But now, in the handicapped stall, with fire in your right hand, you look down and your cock is rock hard. So hard it is pointing straight up, almost touching your belly. And it doesn’t look so small now. Now it looks big. And your balls are hanging pendulums underneath. They feel as though they have weight. Substance. That they are there. And they therefore give you weight and substance. You are here.

And all it takes is two strokes. Two strokes and it explodes. Your cum is watery, like pee, but it is there. Before this past summer, when you did this nothing came out. But now you can cum. Ejaculate. And you see droplets of thin semen jump higher than the burning paper which has burned itself down to the brainstem. You have left the end of the brainstem unraveled, flat, a sort of neural net, and you let the flame touch your fingers before you drop it. You have timed it right. The flame consumes the last of the paper during its lazy drop to the toilet bowl. No smoke. A clean burn. Perfect.

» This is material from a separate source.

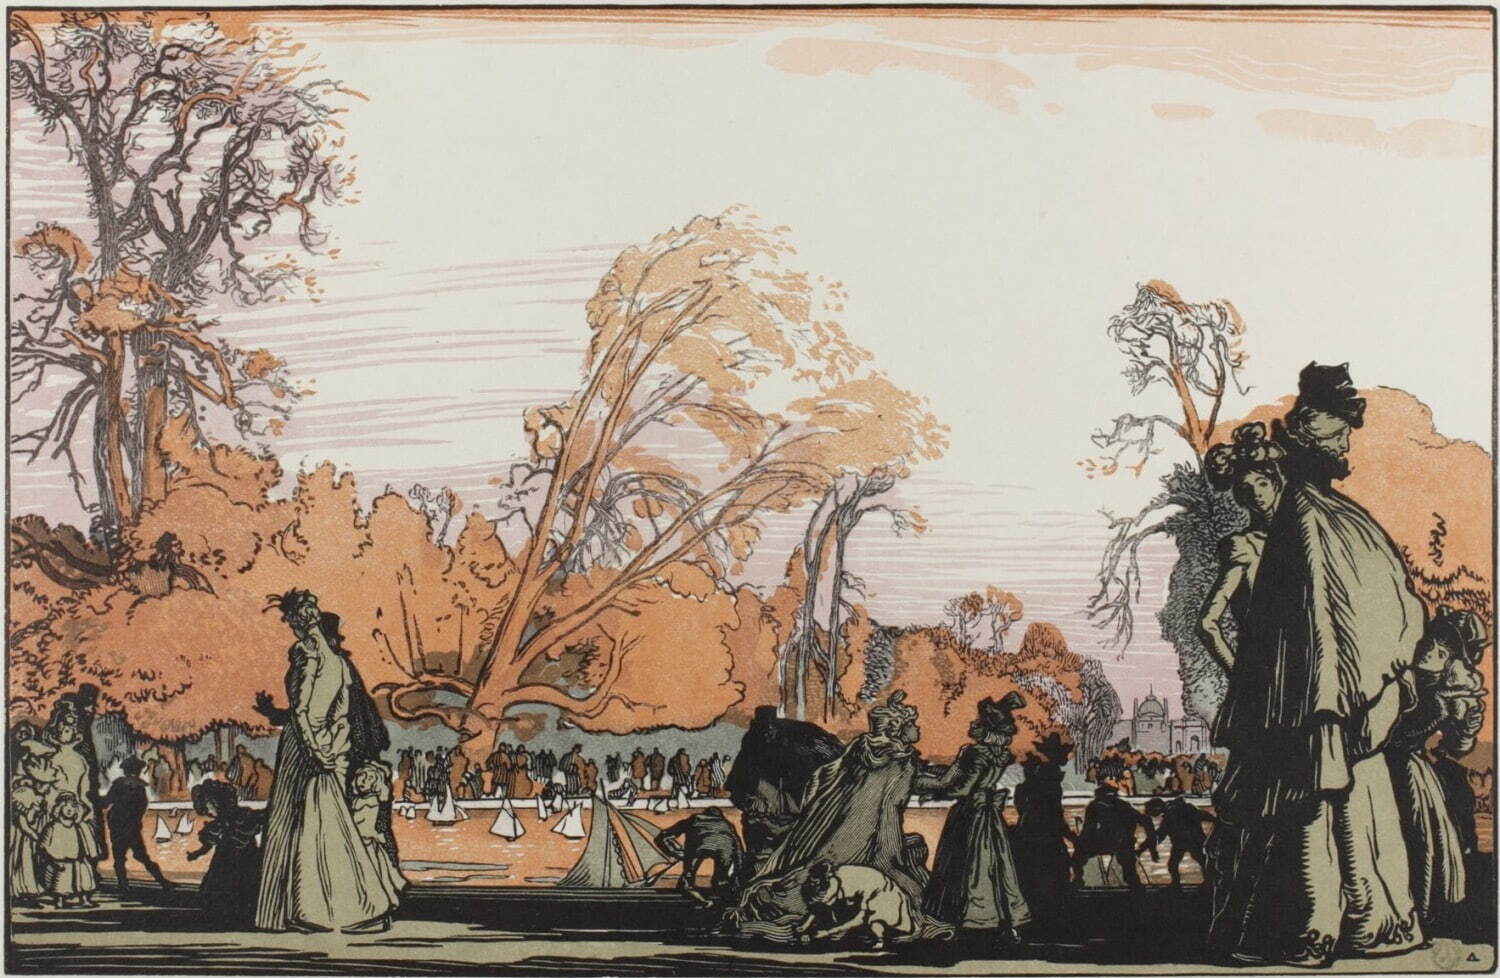 オーギュスト・ルペール 《チュイルリー公園の池》
1898年　木版(多色)　町田市立国際版画美術館

You pull your pants and underwear back up, buckle your belt. You use toilet paper to clean the spilled body fluid from the rim of the toilet, and you flush everything away. You watch the ash and your semen swirl together and then disappear.

You take a minute and lean against the stall door. And you think the thought that you always think after you do this. From your favorite book. The book you have read probably seventy times. You will never forget picking that book from the returns cart at the school library. Fahrenheit 451, by Ray Bradbury. An illustration of a paper man engulfed by flames was on the cover. And you opened the book. And you read the first line.

It was a pleasure to burn.

And your body just kind of went into a state of numb ecstasy. Because it was true. It was the truest sentence that had ever been written. That ever will be written.

It was a pleasure to burn.

The hall in the administrative wing is quiet. You don’t like the loudness of students, but you also do not like the unnatural absence of sound you find here. It reminds you of doctors’ offices. You are missing Ms. Wiggins’s English class to be here, and that is the one class you kind of like. She has you reading Stephen Crane. The Red Badge of Courage. And also some poetry by him. There is a poem about a guy who eats his own heart and hates the way it tastes, and another one about bastard mushrooms that grow in polluted blood. It’s pretty badass stuff. Hardcore. You stop at a door with the word Counselor stenciled on it.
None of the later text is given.